# WORK TO COMPLETE
Print only the lines below from the one with "Antique French Old" to the one with "He was one of the more prolific and most", both included, exactly as they stand. Leave pictures out.

# AVAILABLE RECORDS
^^^^^^^^^^^^^^^^

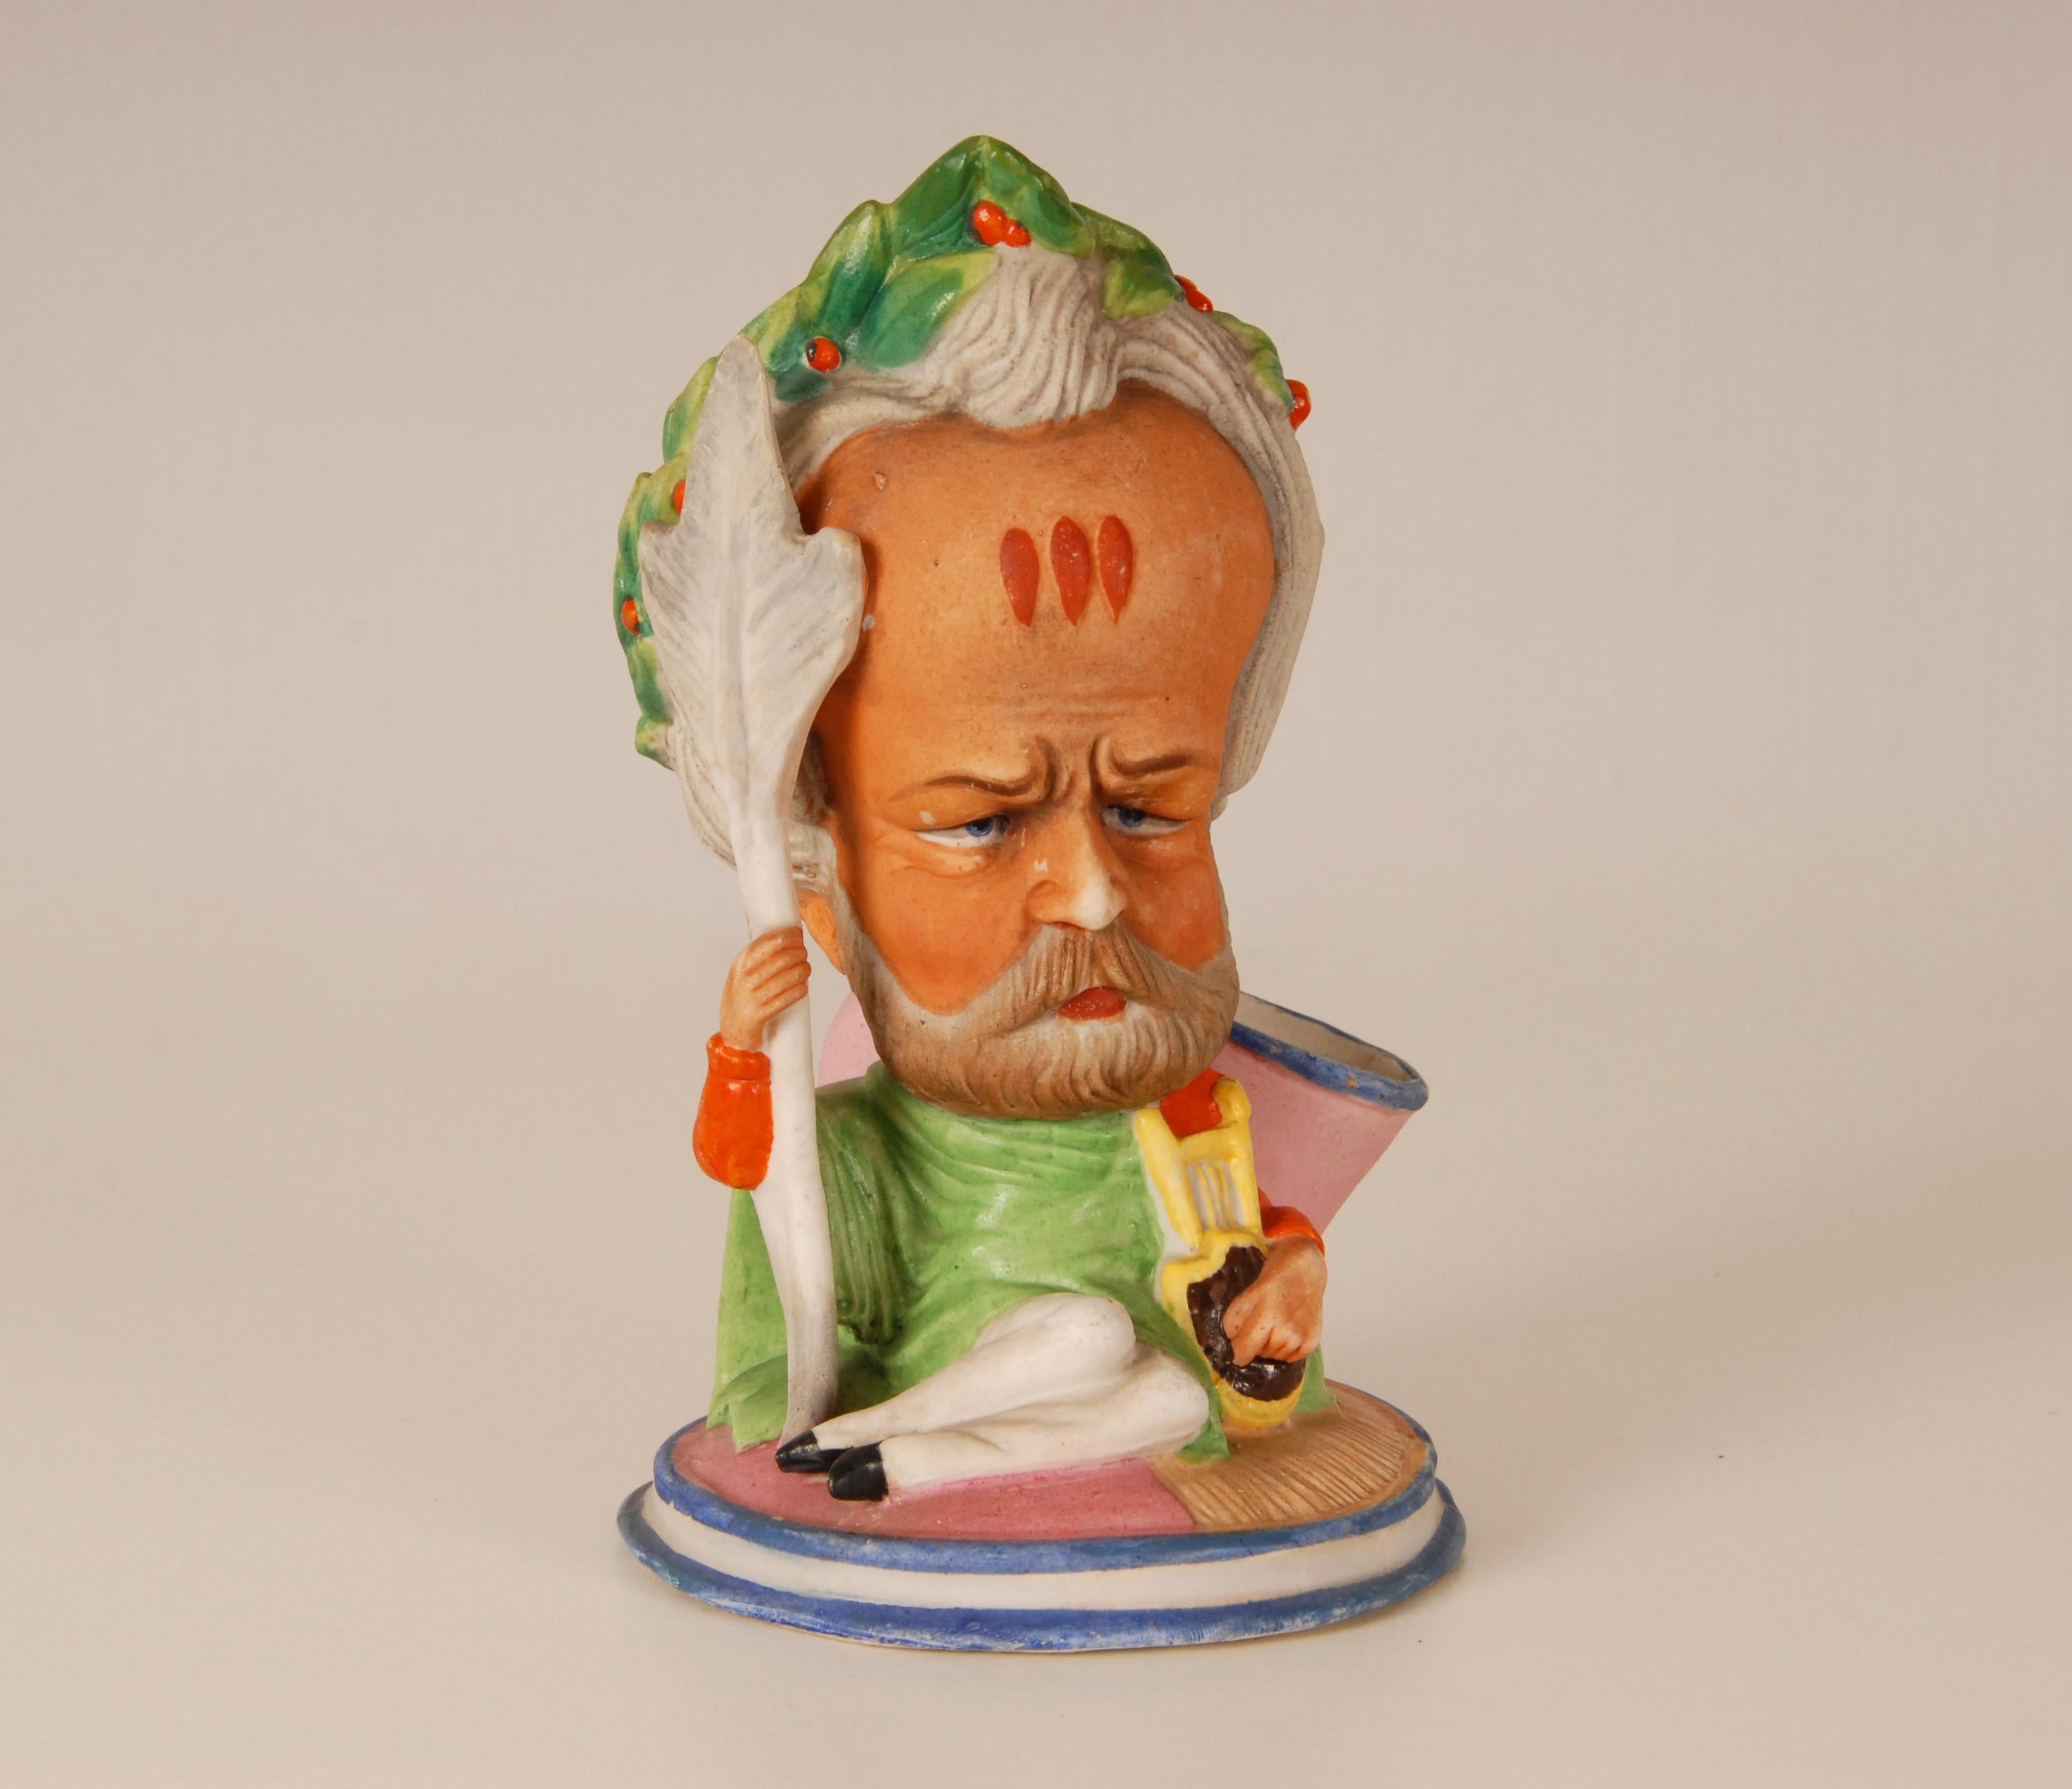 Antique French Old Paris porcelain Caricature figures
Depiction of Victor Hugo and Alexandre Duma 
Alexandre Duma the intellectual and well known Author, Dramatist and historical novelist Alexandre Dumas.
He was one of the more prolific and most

^^^^^^^^^^^^^^^^

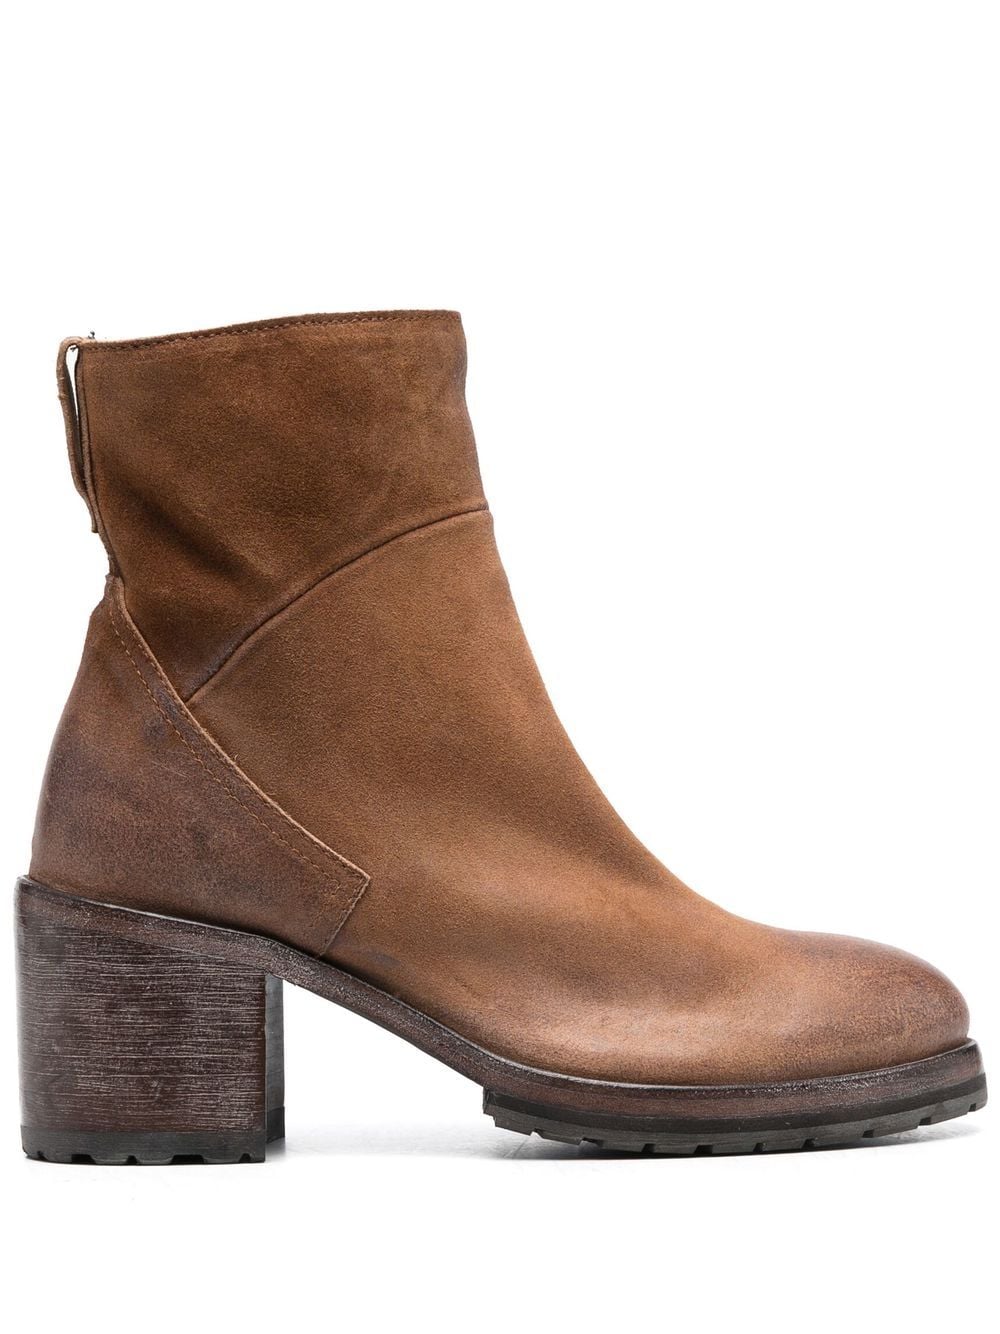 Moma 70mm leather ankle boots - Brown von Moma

^^^^^^^^^^^^^^^^

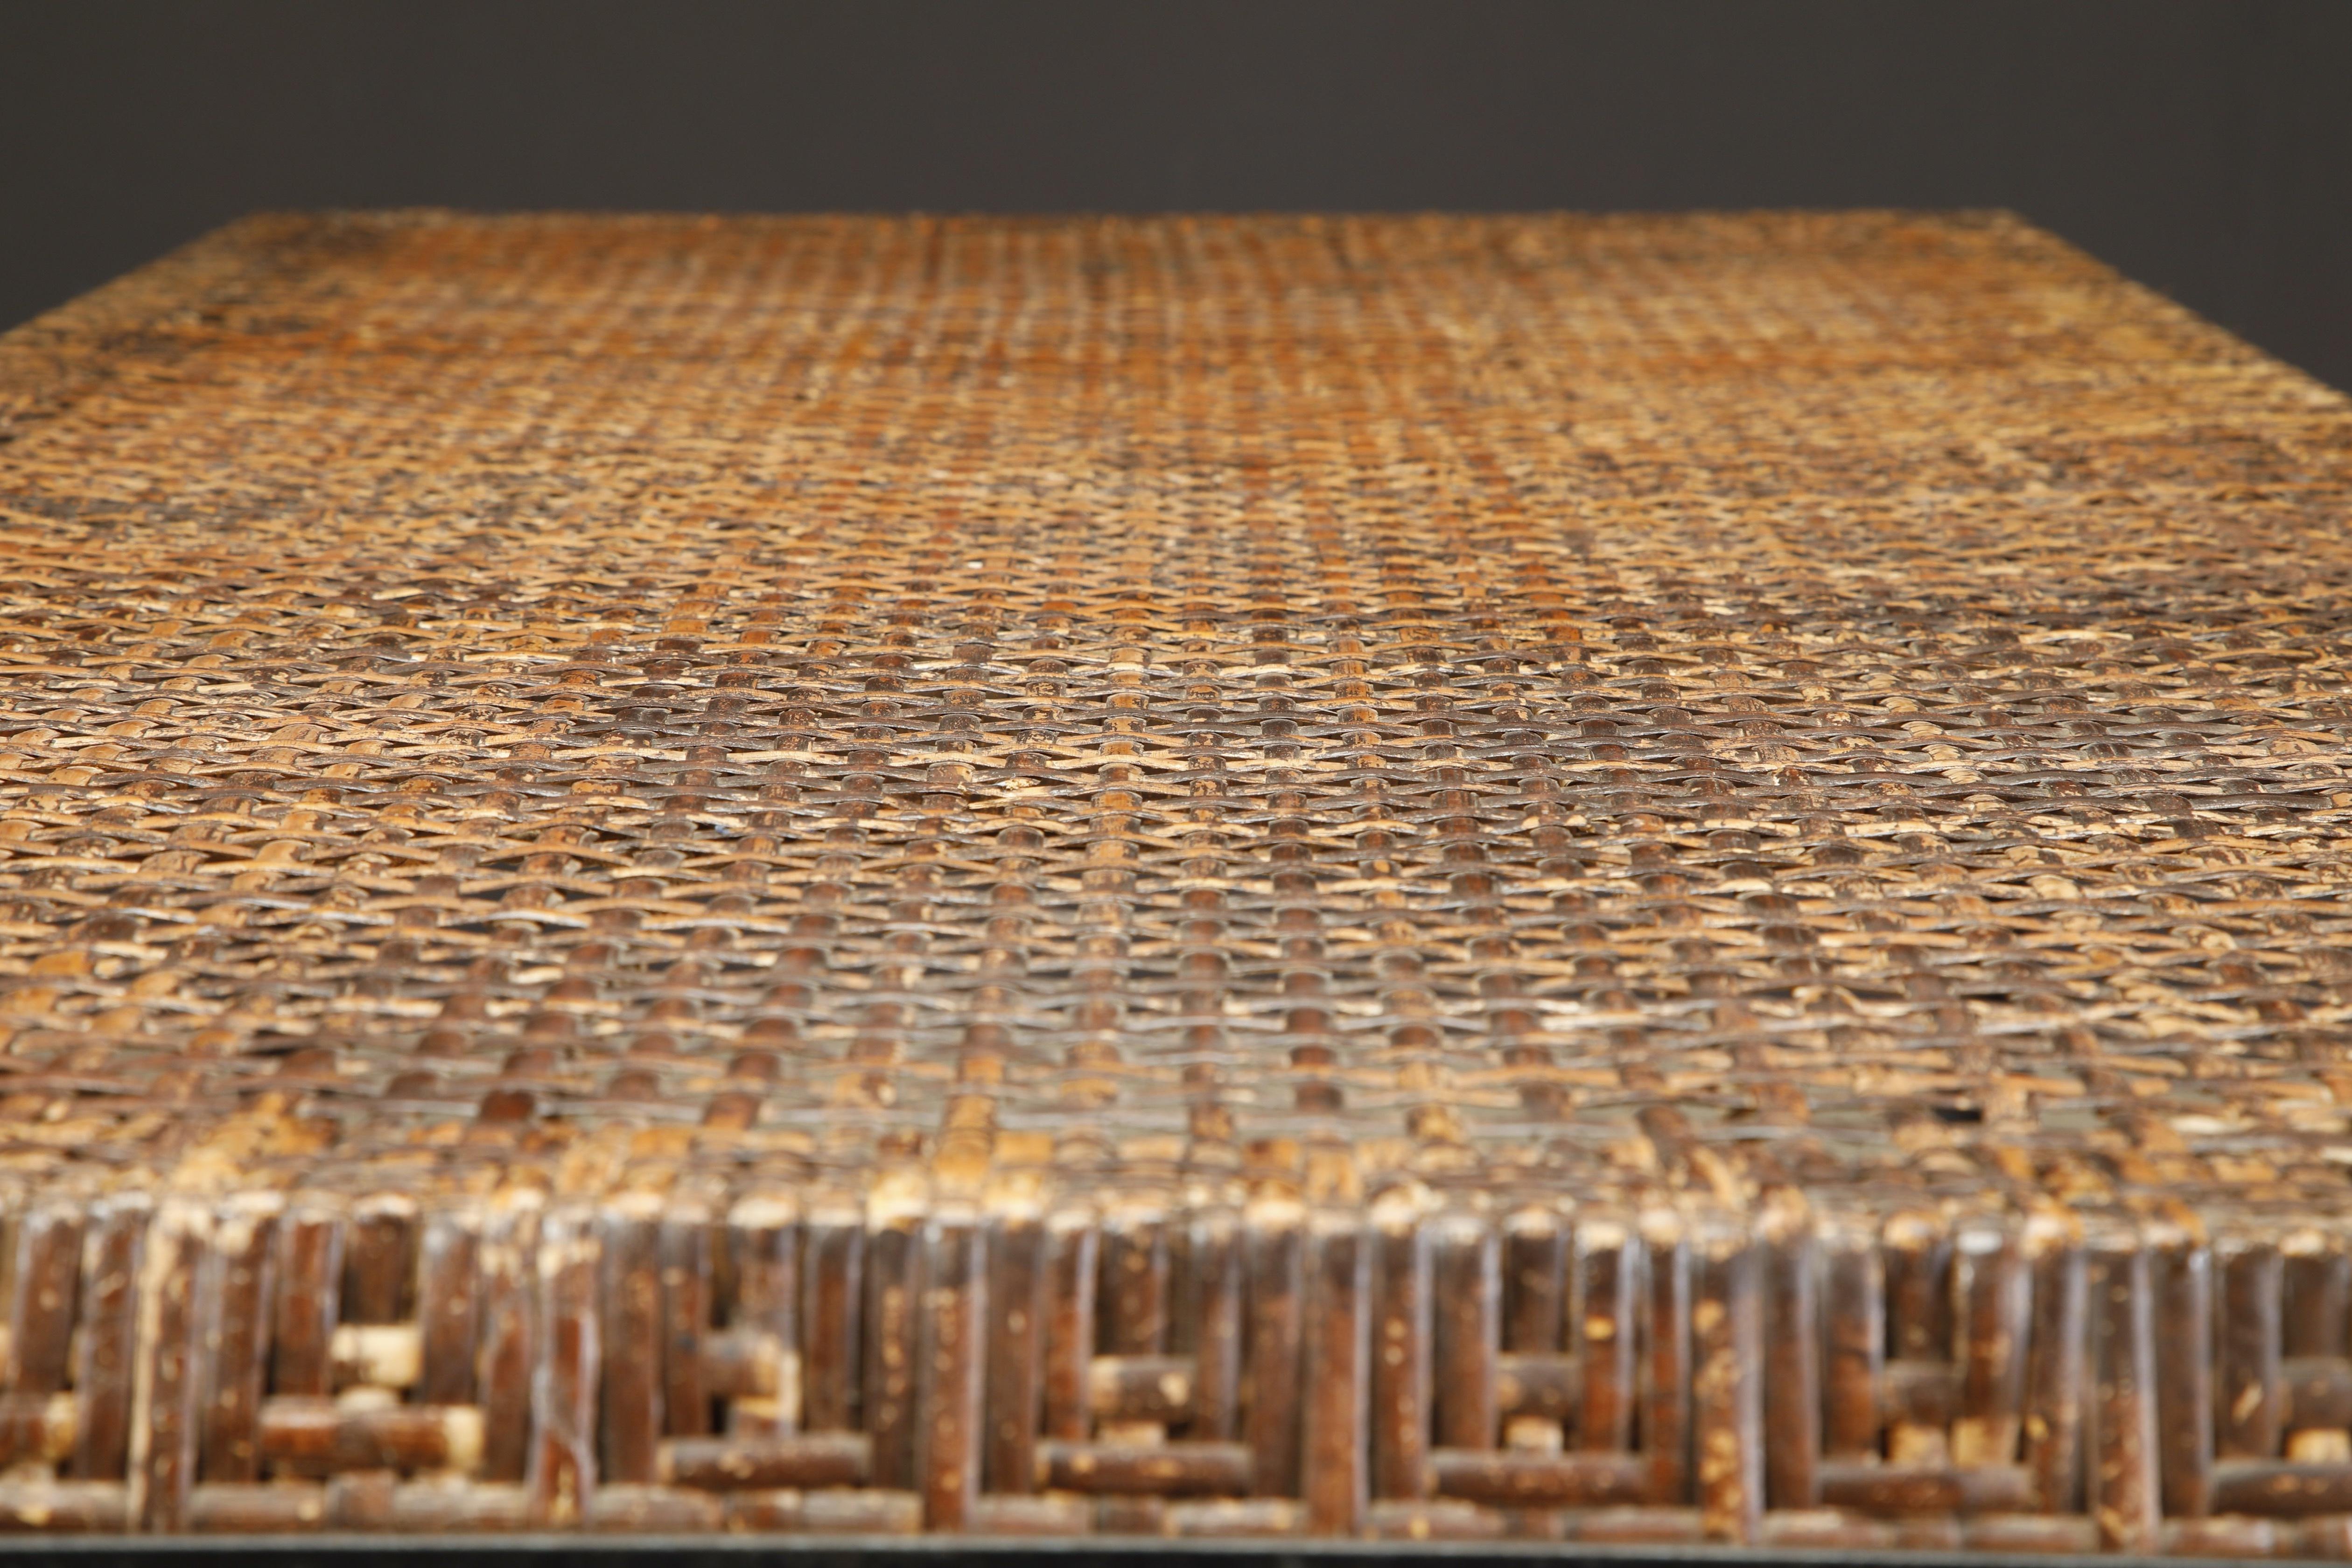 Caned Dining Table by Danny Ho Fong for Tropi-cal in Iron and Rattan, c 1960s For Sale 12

^^^^^^^^^^^^^^^^

# RESULT FOR THIS EXERCISE
 Antique French Old Paris porcelain Caricature figures
Depiction of Victor Hugo and Alexandre Duma 
Alexandre Duma the intellectual and well known Author, Dramatist and historical novelist Alexandre Dumas.
He was one of the more prolific and most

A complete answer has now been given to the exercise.